In an attempt to untangle these effects, scholars outline three broad explanations related to the impact of quotas on the election of more women to political office. The first focuses on the details of quota measures themselves. Some studies assert that the impact of quotas is closely connected to the type of measure involved. Although most agree that reserved seats generally produce small changes in women’s representation (Chowdhury 2002), some claim that party quotas are more effective than other types of quotas because they are voluntary measures, adopted from concerns about electoral advantage (Leijenaar 1997), and others insist that legislative quotas are more effective because they bind all political parties, rather than merely those who choose to adopt quotas (Jones 1998).

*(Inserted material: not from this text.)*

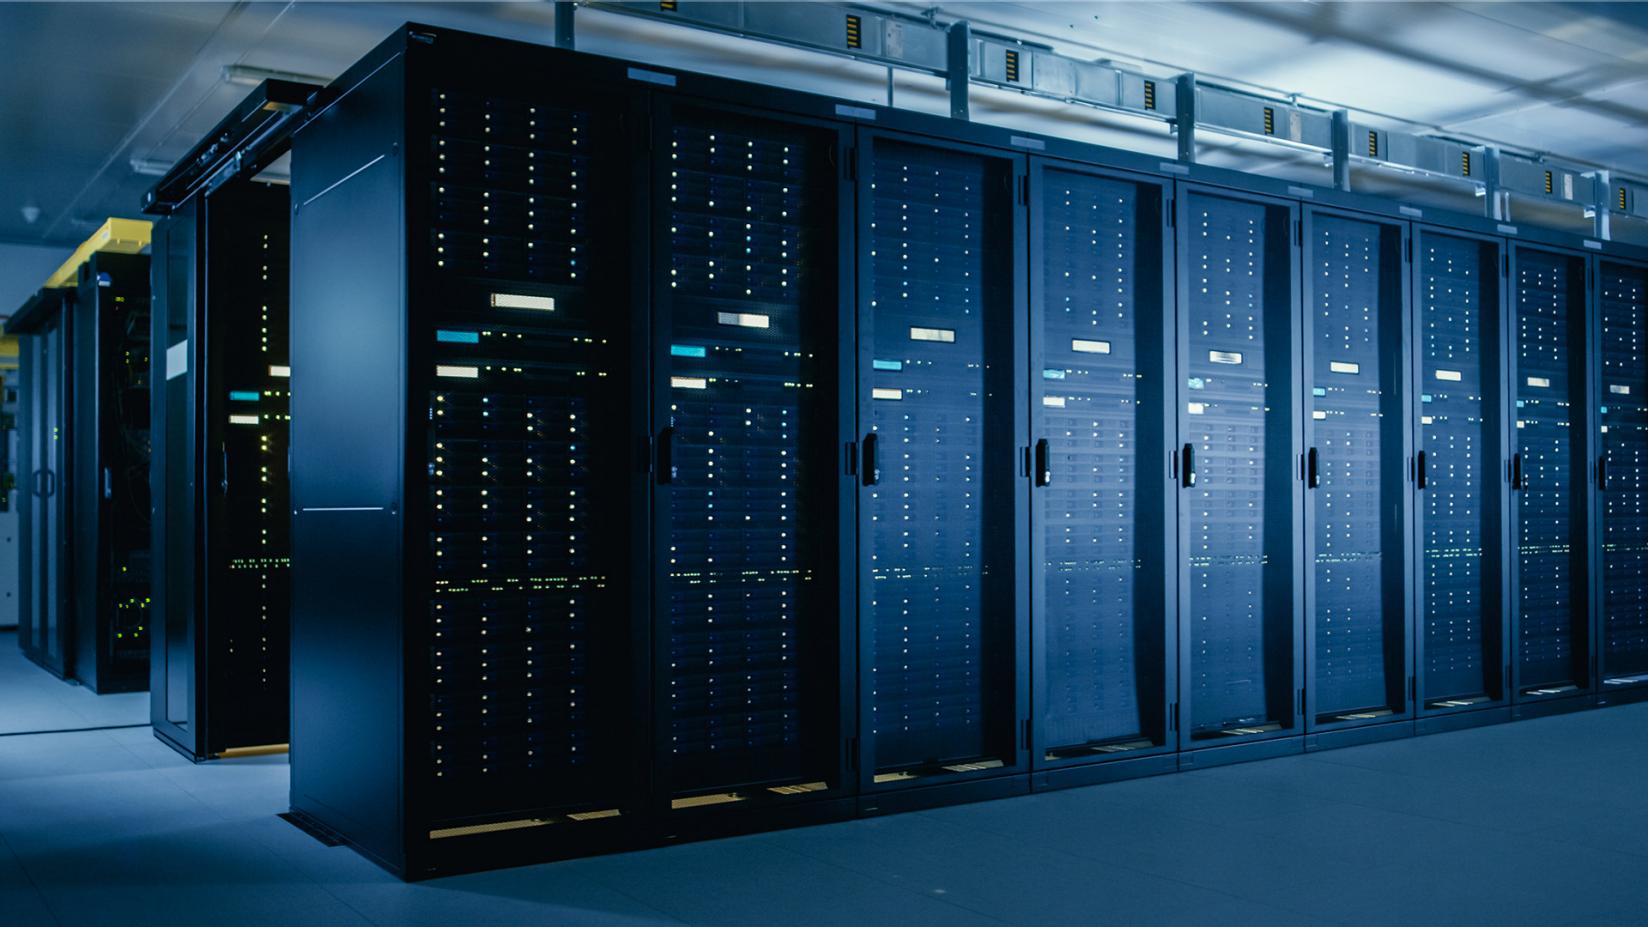 SiPearl supercomputing servers
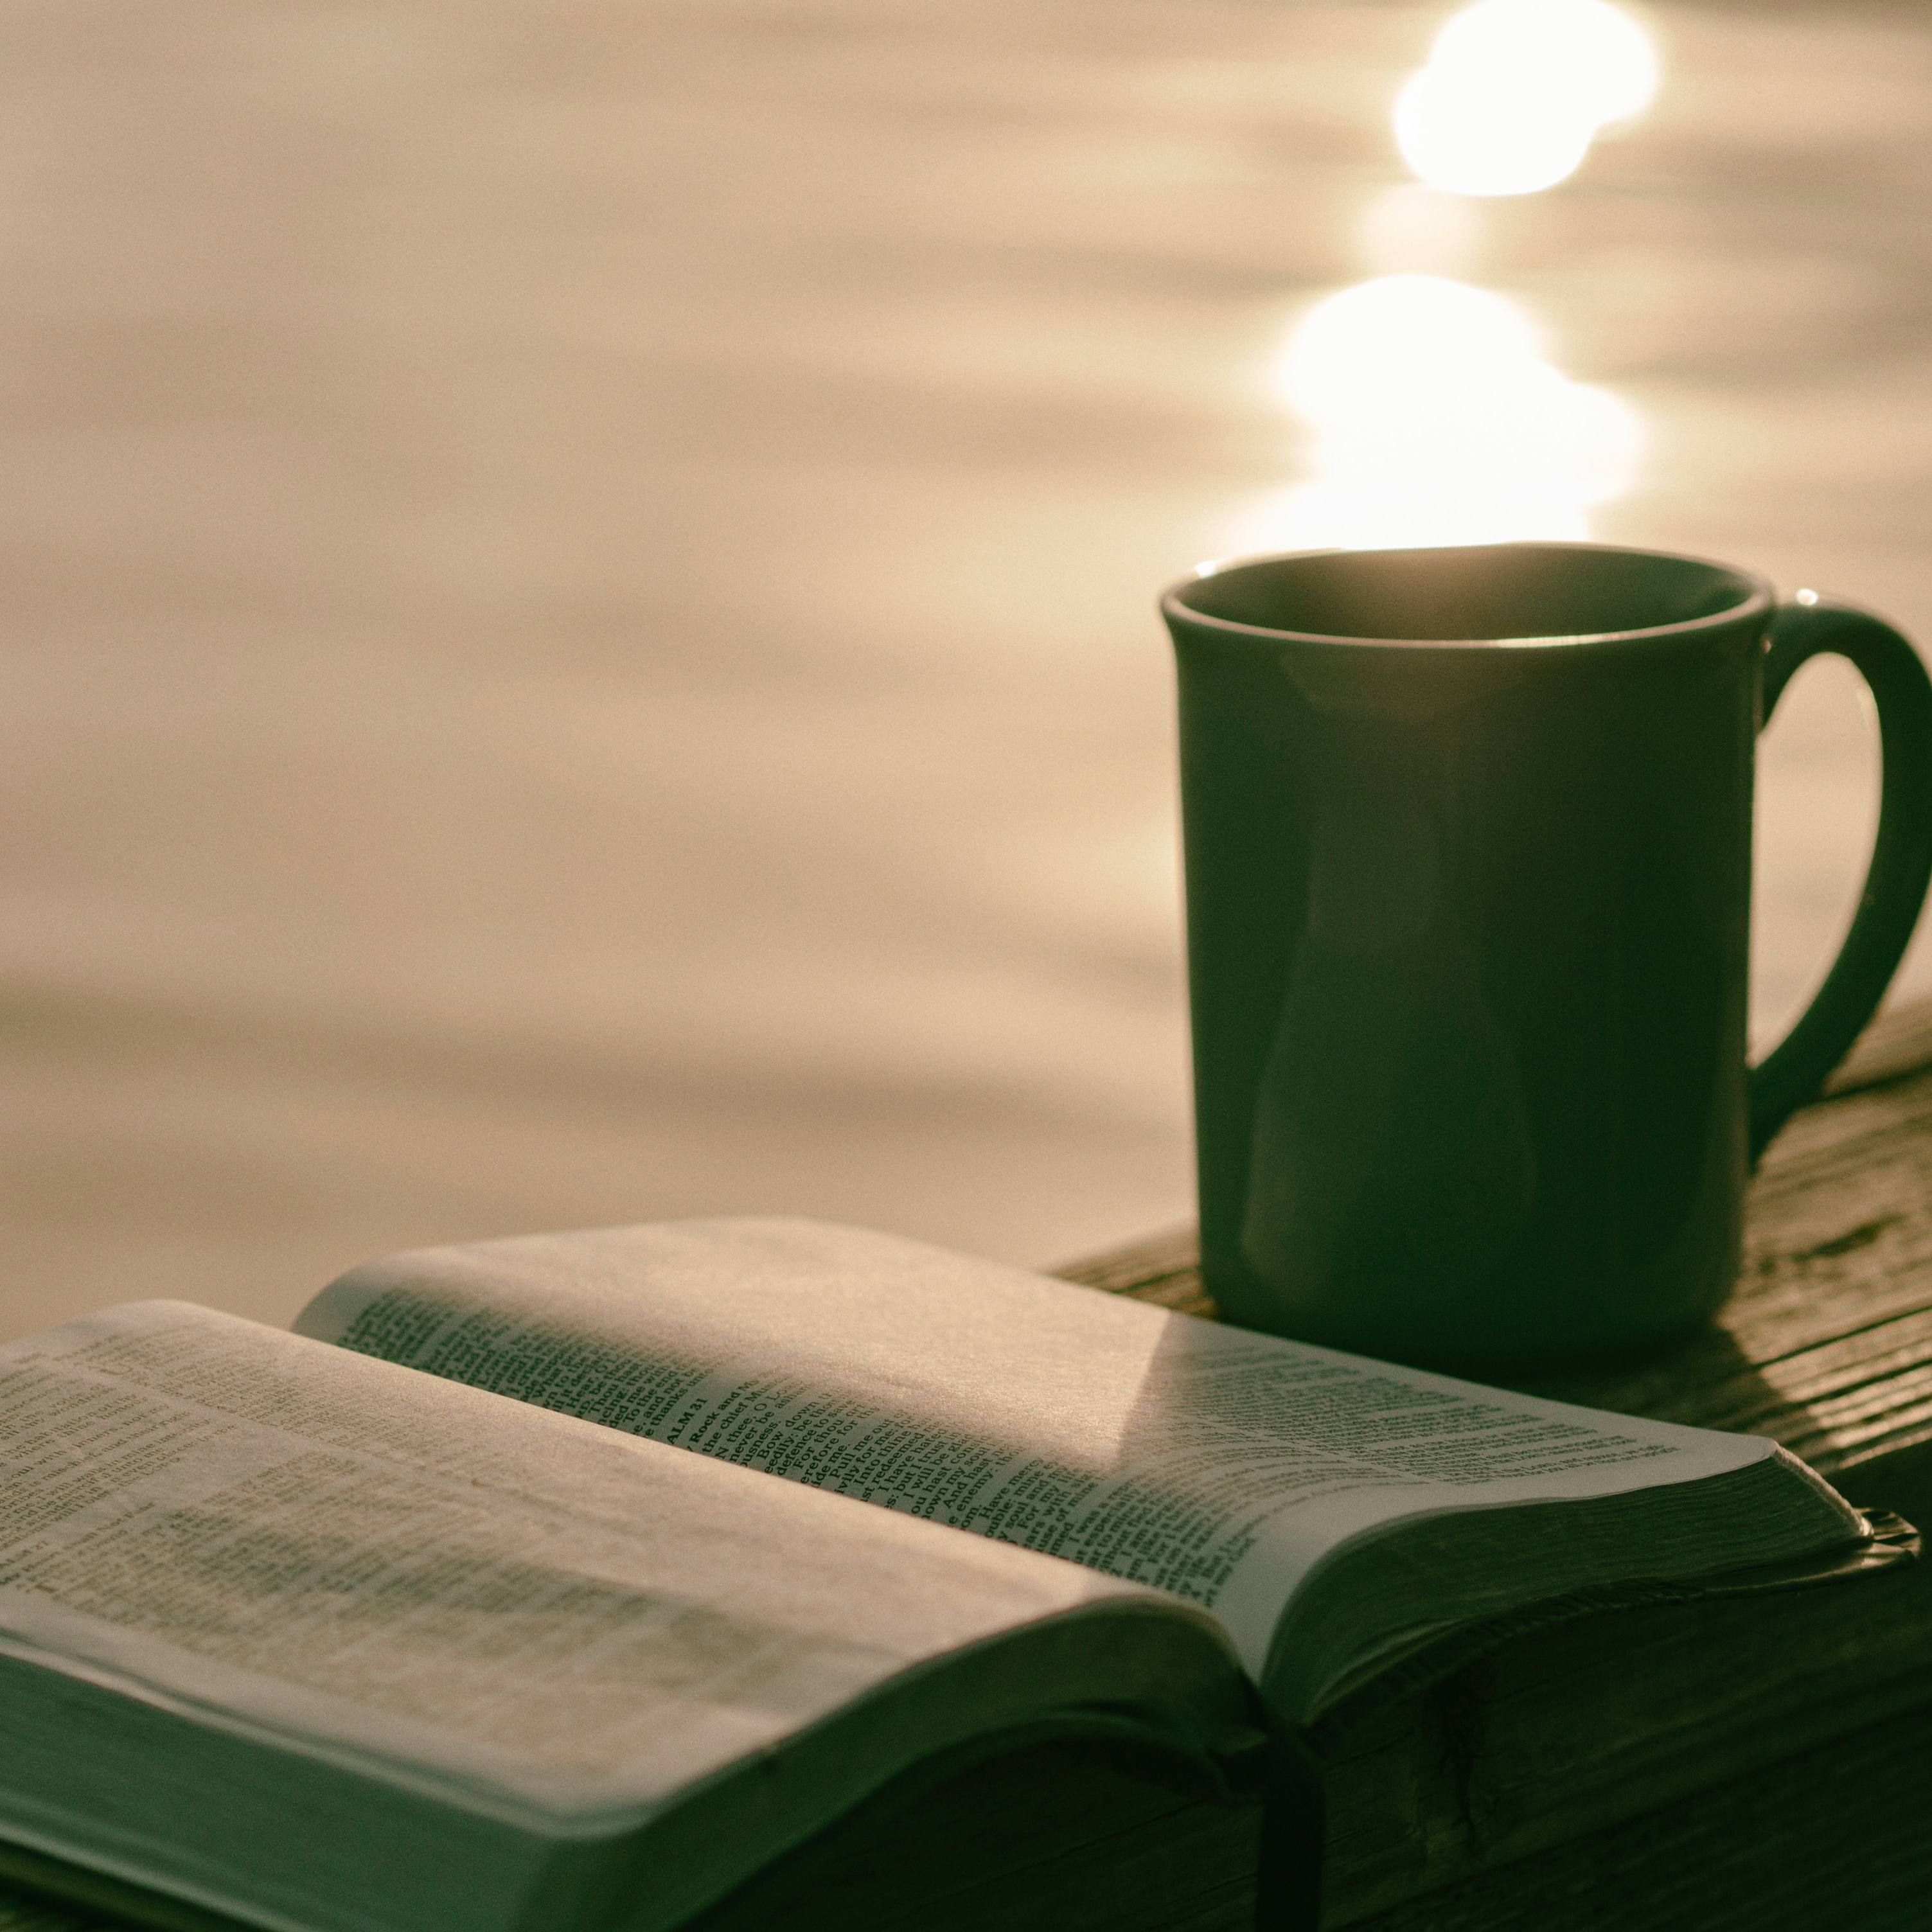 Bible and Coffee at Lake

More recent work delves deeper into variations within and across types, seeking to understand why specific quota measures are more or less effective in achieving changes in women’s representation. These scholars argue that the impact of gender quotas stems from the wording of the quota, whether the language used in the policy strengthens the quota requirement or reduces ambiguity or vagueness regarding the process of implementation; the requirements of the quota, whether the policy specifies where female candidates should be placed and to which elections the policy applies; the sanctions of the quota, whether the policy establishes organs for reviewing and enforcing quota requirements and procedures for punishing or rectifying noncompliance; and the perceived legitimacy of the quota, whether the policy is viewed as legal or constitutional from the point of view of national and international law.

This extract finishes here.